Erfahre, was hinter dem Begriff steckt und wie du Einfluss nehmen kannst.
Mir hat mal eine Führungskraft gesagt, dass sie im Team ein Problem mit der Harmonie haben. Alle sind einfach zu nett zueinander und sie habe gehört, dass es gut ist, wenn es im Team auch mal kracht.
Ich sagte ihr: Vielleicht habt ihr auch ein Problem mit psychologischer Sicherheit!
Große Augen und ein erstauntes Gesicht schauten mich an.
Wir setzten uns mit dem grade geholten Kaffe in die Sofaecke und ich holte weiter aus:
Hast du schon mal erlebt, dass du an einem Meeting teilgenommen und in deinem Team ein Thema diskutiert wurde, das euch schon lange herausfordert? Dann fällt dir plötzlich eine neue Idee ein! So habt ihr die Sache bisher noch nicht betrachtet und das könnte wieder Bewegung in die Sache bringen.
Aber du sagst nichts.
Mir ging das schon so. Und ich glaube, dass das in vielen Teams jeden Tag passiert. Woran liegt das? Meistens liegt es nicht an mangelndem Wissen oder zu wenig Engagement.

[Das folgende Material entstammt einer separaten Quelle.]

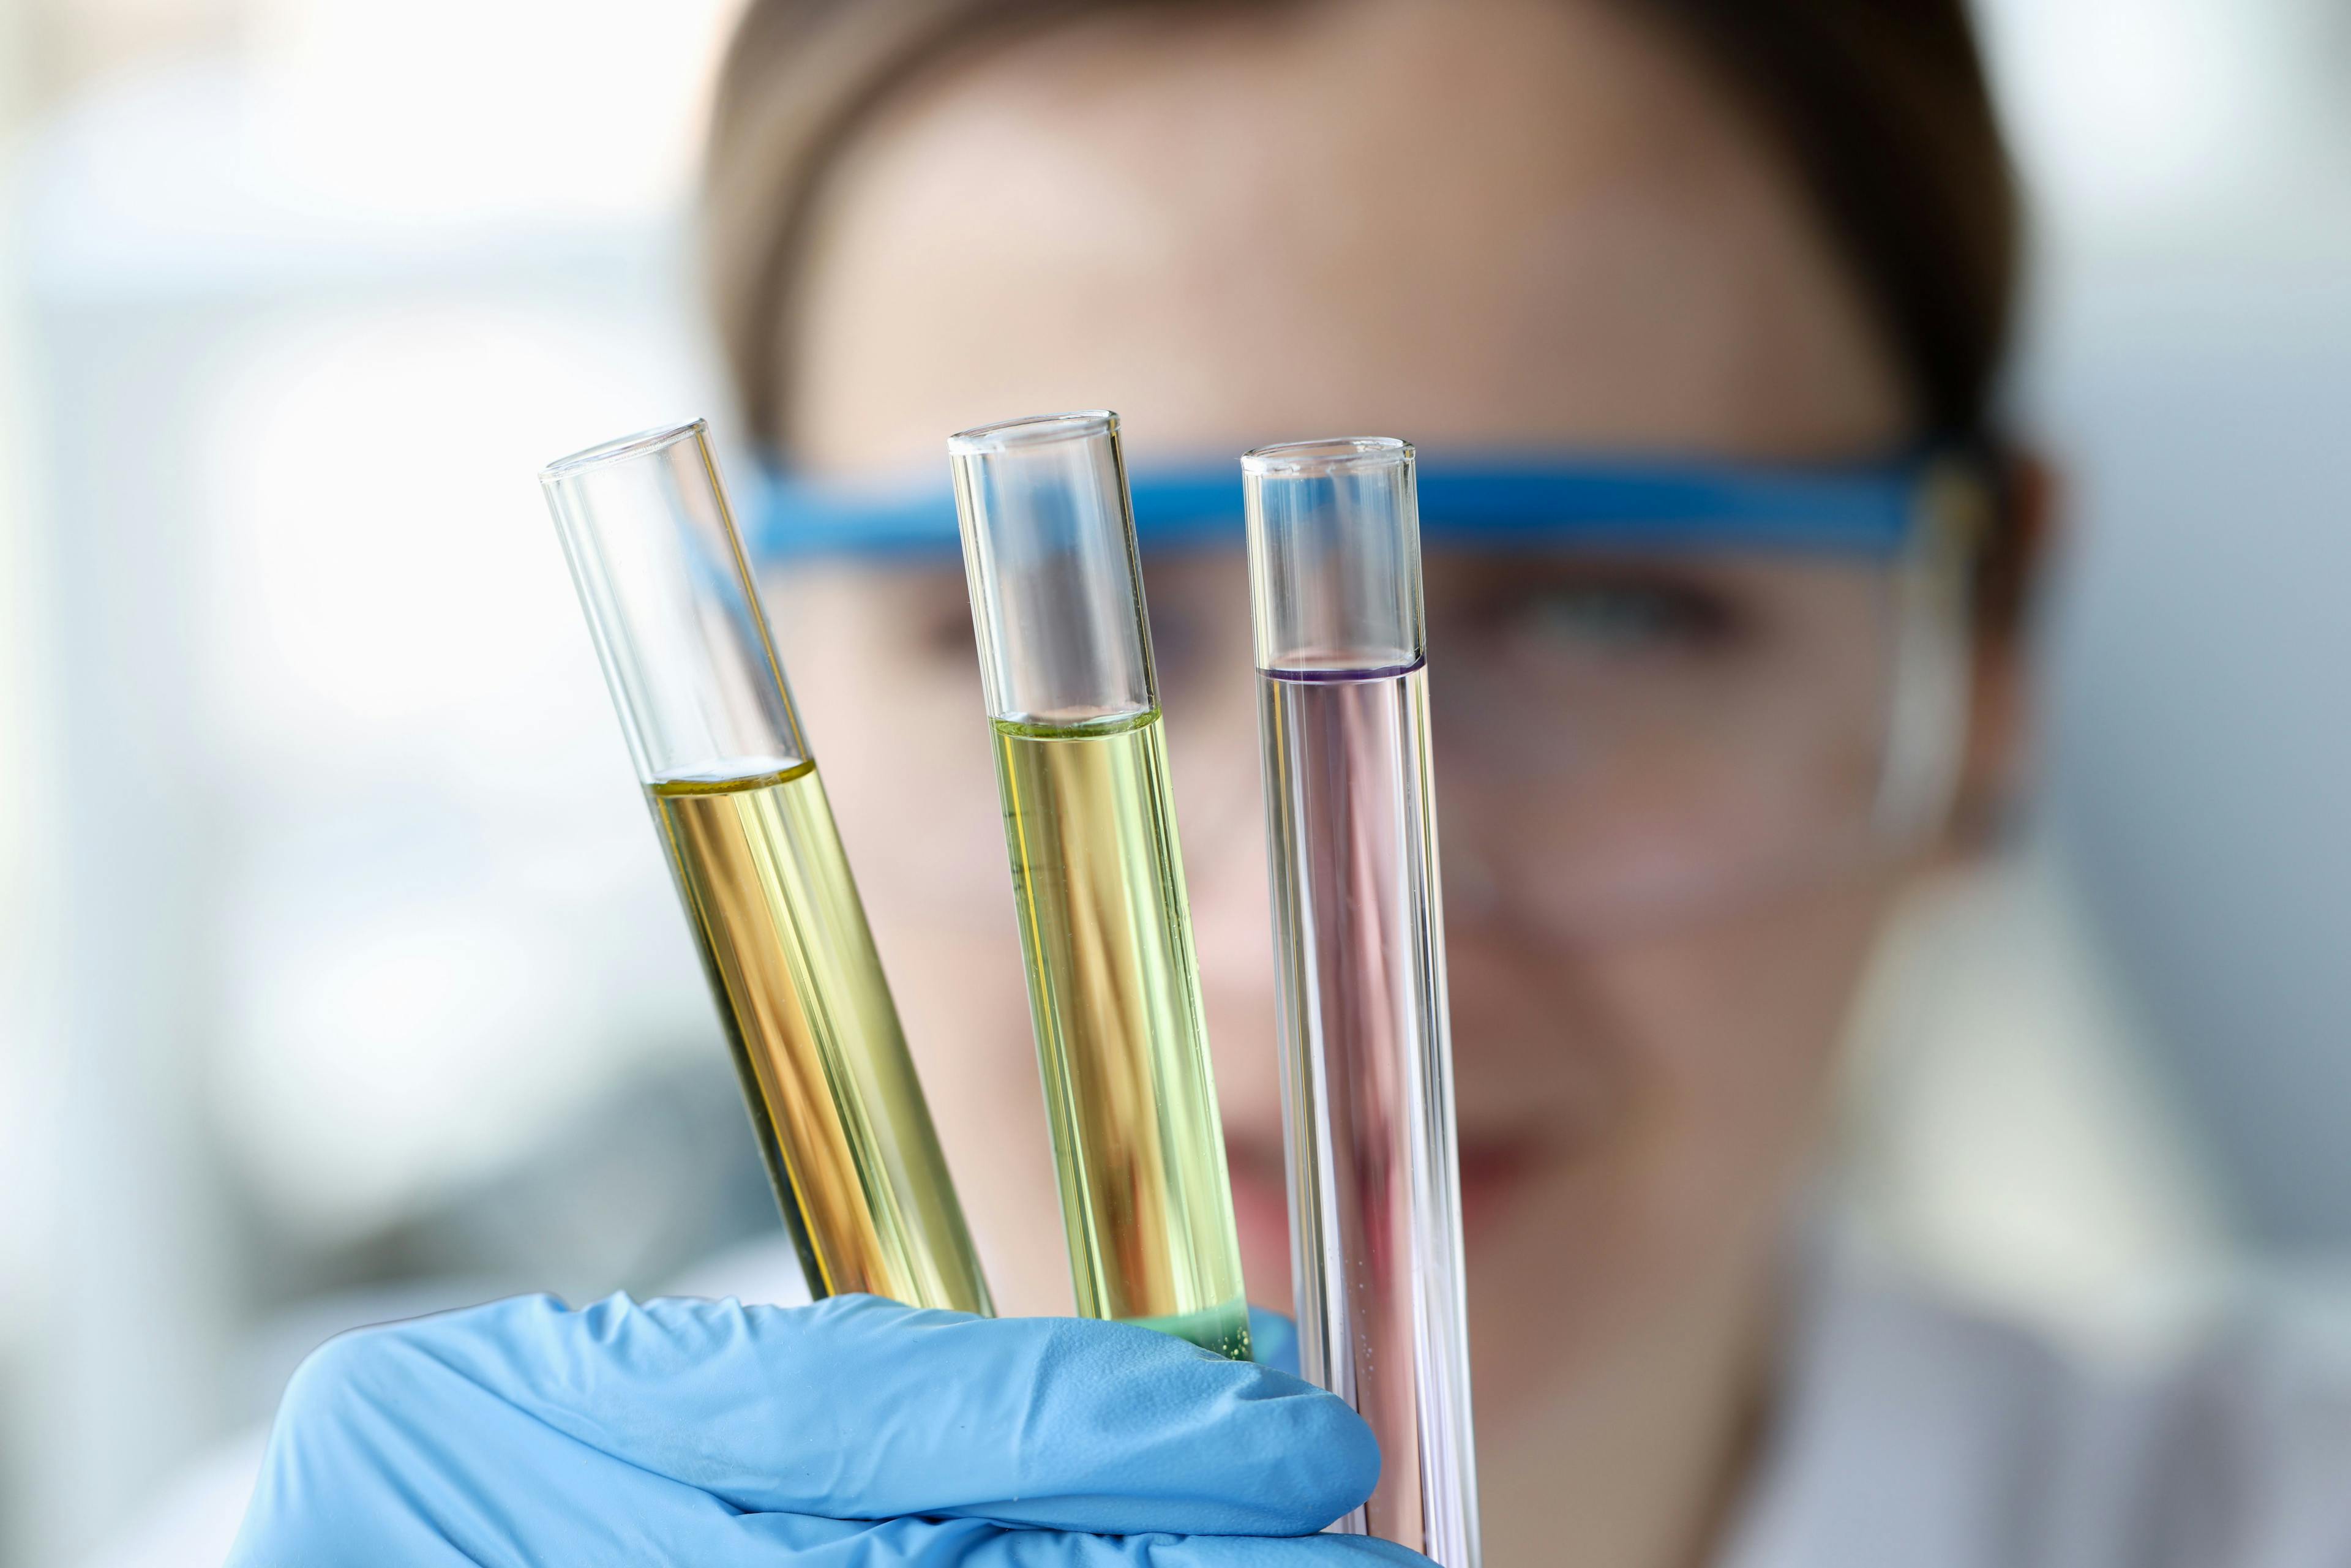 Woman scientist holding test tubes with multicolored liquids in her hands closeup | Image Credit: © megaflopp - stock.adobe.com

Es fehlt an psychologischer Sicherheit.
Was bedeutet „Psychologische Sicherheit“ überhaupt?
Dieser Begriff wurde durch die amerikanische Professorin Amy Edmundson in den vergangenen Jahren populär und hat seitdem weiter an Bedeutung gewonnen. Edmundson definiert psychologische Sicherheit als ein geteiltes Gefühl im Team, dass man zwischenmenschliche Risiken eingehen kann, ohne dafür bestraft oder bloßgestellt zu werden. In deinen Arbeitsalltag übertragen: Jede*r in deinem Team traut sich (naive) Fragen zu stellen, Fehler zuzugeben, Zweifel zu äußern oder auch unkonventionelle Ideen einzubringen – ohne Angst vor negativen Konsequenzen, genervtem Augenrollen oder Ungeduld anderer Personen.

Und genau das war das Problem in meinem Team damals. Ich wusste, dass meine Führungskraft auf das Thema gereizt reagiert, andere Teammitglieder schon genervt sind und ich habe mich (unbewusst) dazu entschlossen, lieber nichts zu sagen.
Wenn Menschen den Eindruck haben, sie müssen sich schützen, zeigen sie sich nicht. Und dann verliert das Team wertvolle Perspektiven, Ideen und Lernchancen.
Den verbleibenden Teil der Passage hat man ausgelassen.